Recreational water equipment, such as pools, spas, hot tubs and large recirculating bath tubs have become extremely popular. Typically, in such equipment, water is recirculated from the water holding basin through a water heater and a filter and then back into the basin via a plurality of inlet "jets." The recirculation of the water heats the water, cleans the water and provides a pleasant bubbling or pulsating sensation to those using the equipment.
In the larger varieties of such water recreational devices, two pumps are employed in the water recirculation system. Each pump recirculates water to about one half of the inlet jets. Each pump is driven by a separate electrical pump motor. Typically, only one of the pump motors has multiple speed capability. The other pump operates only in a "high speed" mode. Also, the pump having the multiple speed motor is typically the only one of the two pumps which recirculates water through a water filter.
A problem with the recirculation systems described above is several-fold. First of all, the operation of multiple pumps by separate pump motors requires considerable electrical energy and results in high operating costs. Secondly, users using the equipment must typically operate both pumps in the "high speed" mode in order to operate the recirculation system so that water flows into the basin via all of the inlet jets. If the users of the equipment do not want to operate the recirculation system in the "high" speed mode, then about half of the inlet jets are inoperative.
Accordingly, there is a need for an improved recirculation system operable with water recreational equipment which will be less expensive to operate and which will allow the recirculation of water to all of the inlet jets in both "low speed" and "high speed" modes.
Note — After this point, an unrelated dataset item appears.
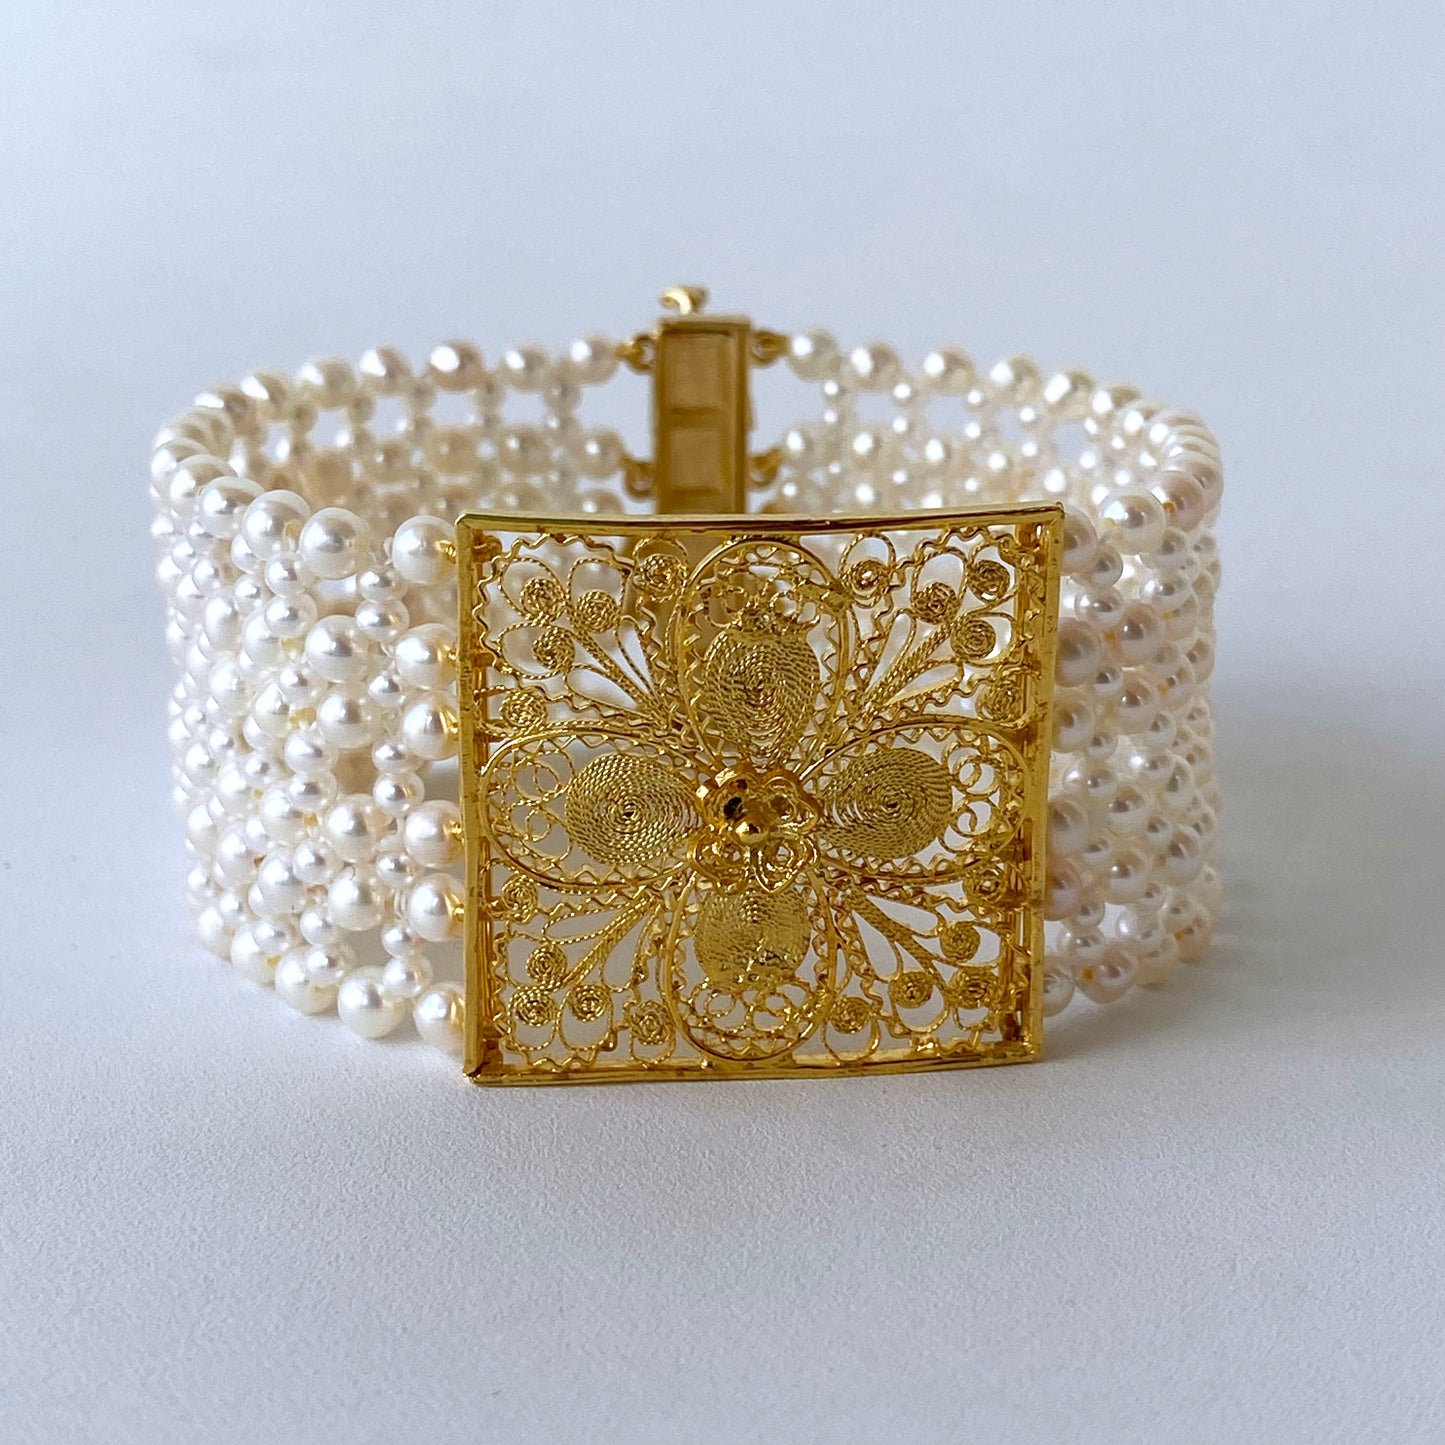 Woven Pearl Bracelet with 18k Yellow Gold Floral Centerpiece & Clasp

The invention satisfies this need. The invention is a combination comprising (a) a basin capable of retaining water, the basin having one or more water recirculation outlet ports and a plurality of water recirculation inlet ports, (b) a first pump for recirculating water from the one or more water recirculating outlet ports to one or more of the water recirculating inlet ports, (c) a second pump for recirculating water from the one or more water recirculation outlet ports to one or more of the water recirculation inlet ports, and (d) a single double-shaft electric motor for driving both the first pump and the second pump. Typically, the double-shaft electric motor is capable of operating both pumps in at least two different speeds.
In the invention, the electric motor drives both pump drive shafts in the same radial direction. Accordingly, one of the pumps has a typical "right hand" orientation, whereas the other pump has an atypical "left hand" orientation.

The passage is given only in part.